Spontaneous mutants (146) of Escherichia coli K-12 were selected that were resistant to inhibition of growth by 1.2 mM L-valine (Valr). The Valr isolates, containing acetohydroxy acid synthase resistant to feedback inhibition by L-valine (AHASr), were classed according to cotransduction of the mutation with leu. Several mutations resulting in an AHASr phenotype were found to be cotransducible with glyA. However, no mutations causing a Valr phenotype were linked to ilv.

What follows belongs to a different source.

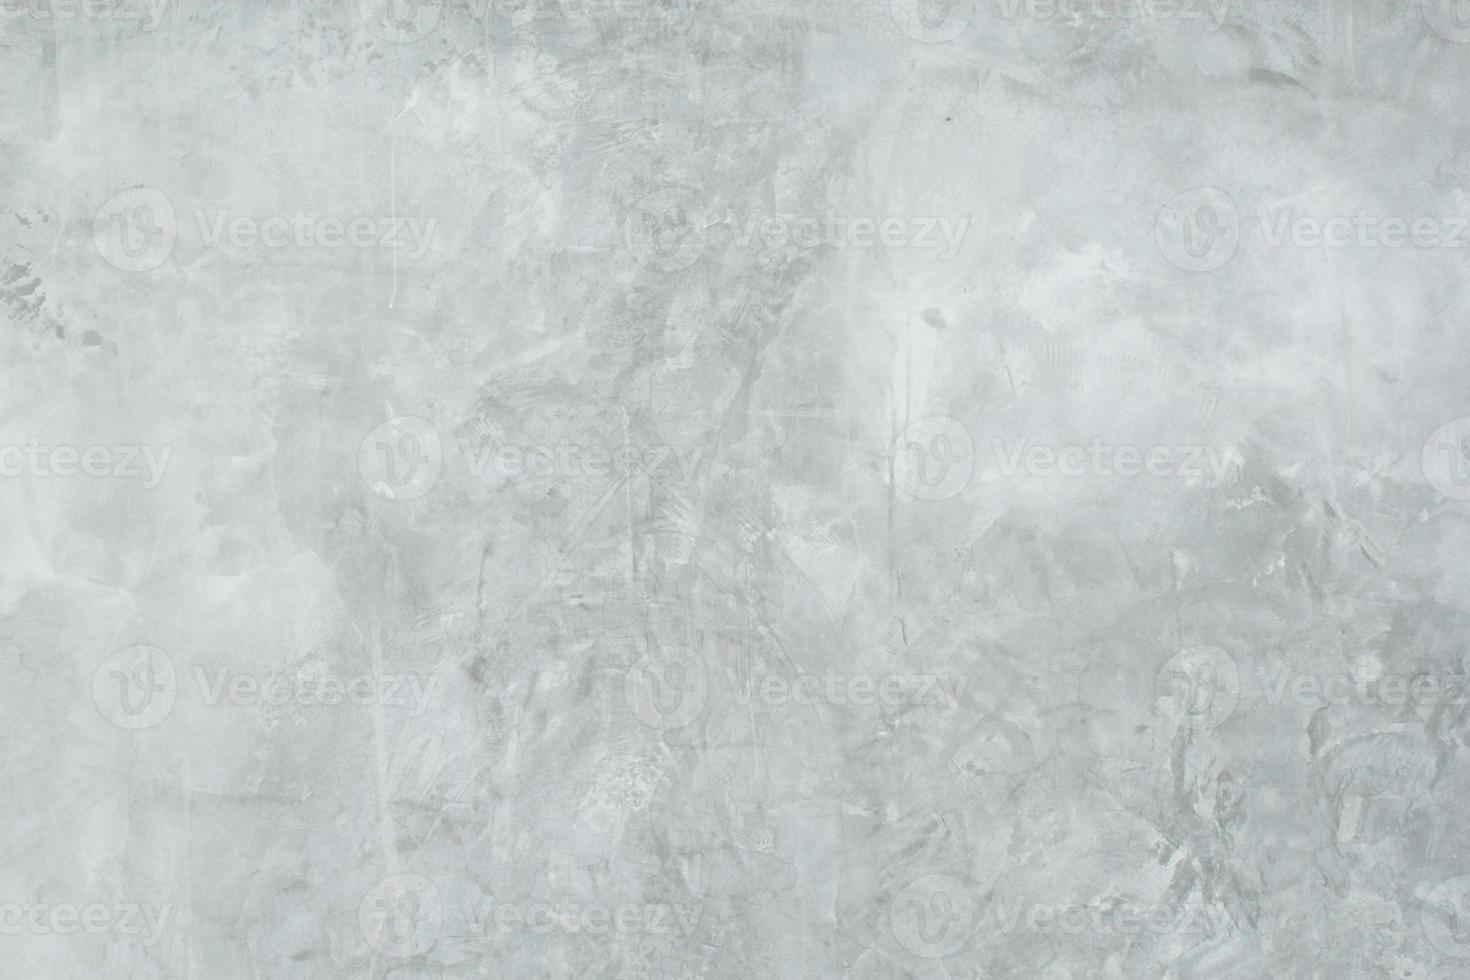 betongvägg - texturerad bakgrund foto

AHAS activity was more closely examined in representatives of three classes of mutants with Valr linked to leu, labeled ilv-660, ilv-661, and ilv-662. The ilvE503 allele in E. coli K-12, known to cause a two- to three-fold derepression of AHAS, was found to affect regulation of synthesis of both valine-sensitive AHAS (AHASs) and AHASr in the mutants containing ilv-660 and ilv-661, whereas it affected repression of AHASs, only, in the mutant containing ilv-662. Further, both AHASs and AHASr in the ilv-661 mutant were repressed by valine, whereas valine did not repress AHASr synthesis in the strain carrying ilv-660 and only partially repressed AHASr in the strain carrying ilv-662. Unexpectedly, AHASr synthesis in strains carrying ilv-660 or ilv-662 was repressible by leucine. The ilv-660 locus appears to be similar in position to ilvH and encodes a product that confers valine-sensitivity upon AHAS activity in the wild-type E. coli K-12. The ilv-660 and ilv-662 loci may normally encode products that influence both the feedback sensitivity of AHAS and control of AHAS biosynthesis.